Haruki Murakami, What I Talk About When I Talk About Running

Exercise-related challenges and goals

Goals are important to many people but I don’t find races and events work brilliantly well for me and it's certainly not necessary to be active.

In recent years I’ve done just three events: the Snowman Triathlon in the hills of Snowdonia in Wales; the Alpe d’Huez triathlon that cycles up the famous French hairpins to the ski station; and the Ring of Steall SkyRace in Scotland (29km and 2500m of running). They were all hard but were within my limits given the amount of training I do. Just.

I find that I get very stressed by these events. In two out of the three races I had terrible stomach related problems including cramps and nausea. I didn’t enjoy them and my gut highlighted how much they stressed me out. I never get these issues when I go out by myself and I love exercising in the hills. The events were both firmly in the category of type 2 fun, the variety that you only enjoy in retrospect. So, I’m wary about committing to events now.

Many people will find themselves hugely motivated by their goals. For example, Joanna is a goal-orientated person, as she outlines in Chapter 2.12 about walking a double-ultra-marathon in a weekend. This personality type always need something to get them out, to force them out the door when they don’t quite feel like it. It could be a 5K race or a sponsored walk. It doesn’t matter. It could be anything.

So, as with the writing life, it's about knowing yourself. If you are in that group, then carefully select goals that are realistic. Don’t feel they are necessary to be active and enjoy exercise. It’s about your well-being, and you are not compelled to do anything.

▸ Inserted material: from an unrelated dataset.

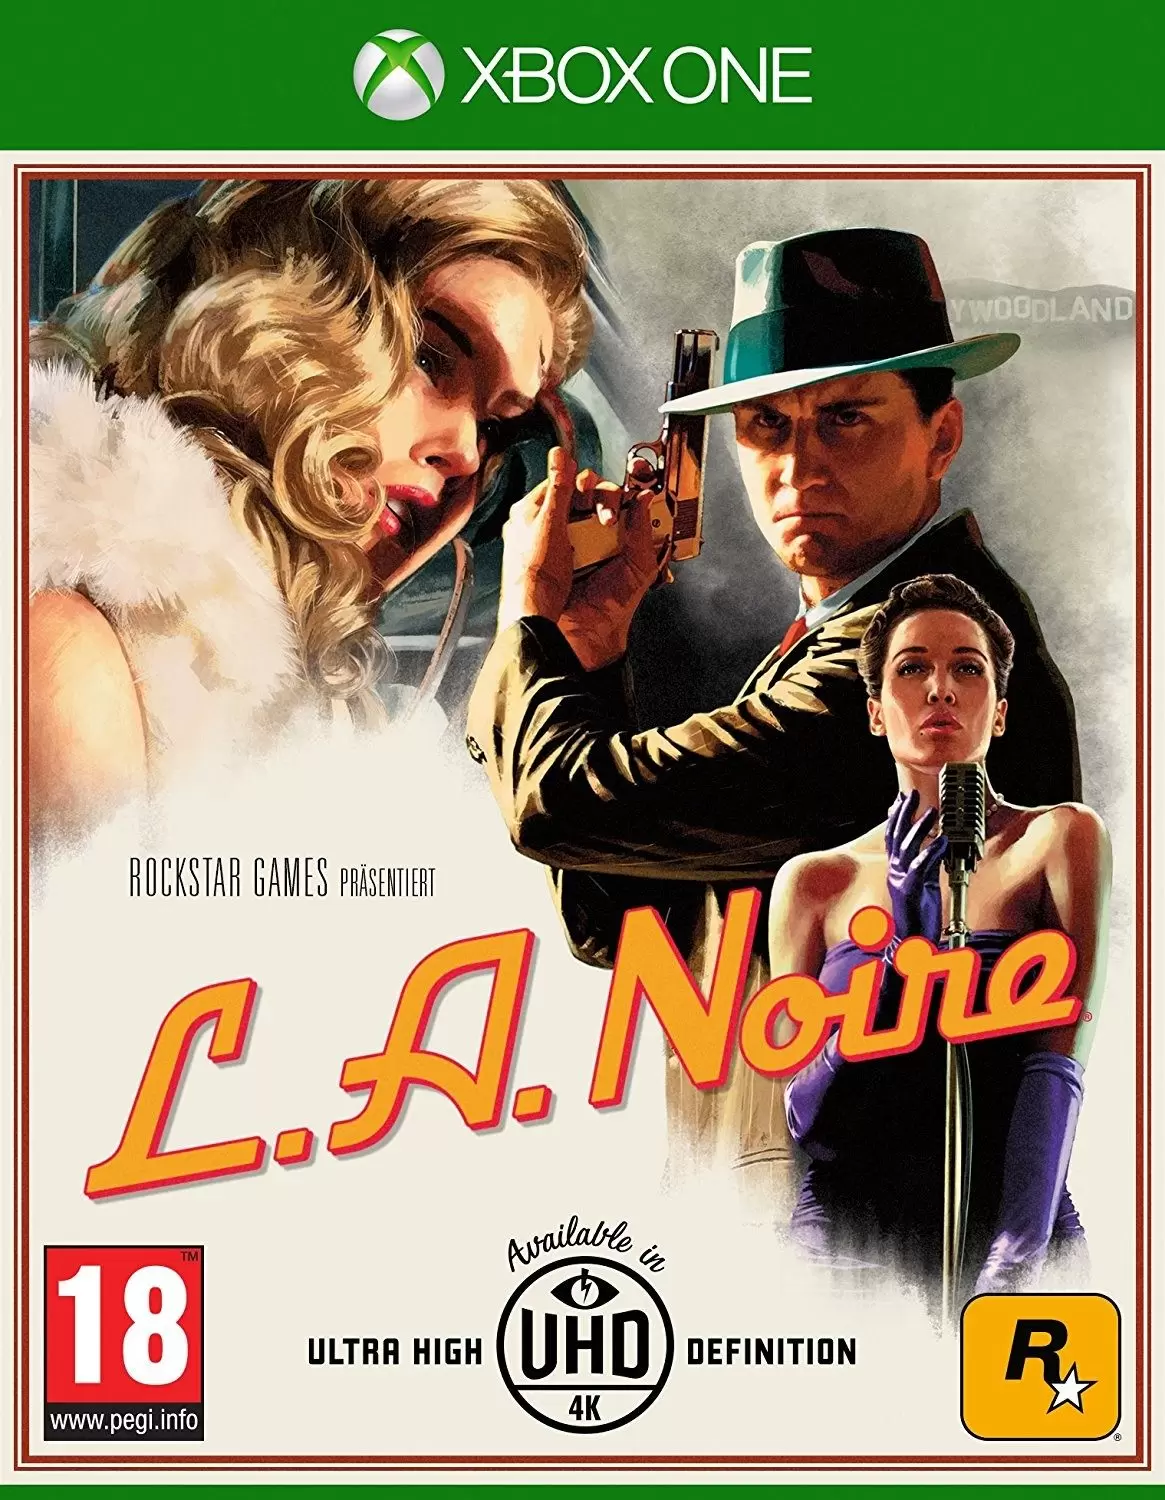 XBOX One Games - L.A. Noire

Exercise is too painful for me

Developing an active mindset involves recognizing the difference between pain and discomfort.

Many people have very negative associations with exercise. It could be psychological, with memories of humiliation during sport at school. It could be the memory of serious and unpleasant physical pain through exercising. The mantra of “pain is weakness leaving the body” isn’t helpful and I don’t believe that doing exercise should be painful. However, I do know that there can be times of significant discomfort.

For me, I know it sometimes hurts a little to run uphill and I know my legs will ache afterwards. I wouldn’t call it pain, it’s an enjoyable discomfort, but it can be a fine line and recognizing your own limits comes with experience.

Exercising through pain is rarely a good idea. Exercising through a level of discomfort is probably going to be needed at some point.

This leads us into one of the most important aspects of getting fitter.

The most important principle about getting fit

So here it is: you do not get fitter during the actual exercise.

Exercising makes you fitter by putting a strain on your system. Your body then reacts to this stress through our incredible adaptive mechanisms. This is the idea of progressive overload. You need to do enough to get your body to recognize it is under additional stress and then the magic is in the recovery.

This highlights an important point about doing exercise to get fitter. You need progressive overload to get fitter and you then need time and rest in which to adapt.

It is the adaptation that makes the difference. It is one of the most remarkable qualities of skeletal muscle and all the muscles that move us around that they have this capability to change and adapt. The same is true for our hearts and lungs and their ability to move oxygen around our system to get to the muscles. All of these can, and will, adapt and improve if you put them under some strain.

It’s brilliant. It is also forgotten by many people.

If you just go out and run or bike or lift weights over and over again, you never give yourself the chance to adapt before you are broken. You can't get fit in one day.

This is relevant to anyone who is aiming to get a bit fitter. It takes time.

Be patient, persistent, and consistent. Good principles for the writing life in general.

"I’ve found that maintaining a regular running schedule has helped enormously with controlling my stress levels, while giving my brain plenty of creative brainstorming time to get myself out of plot holes and writing slumps."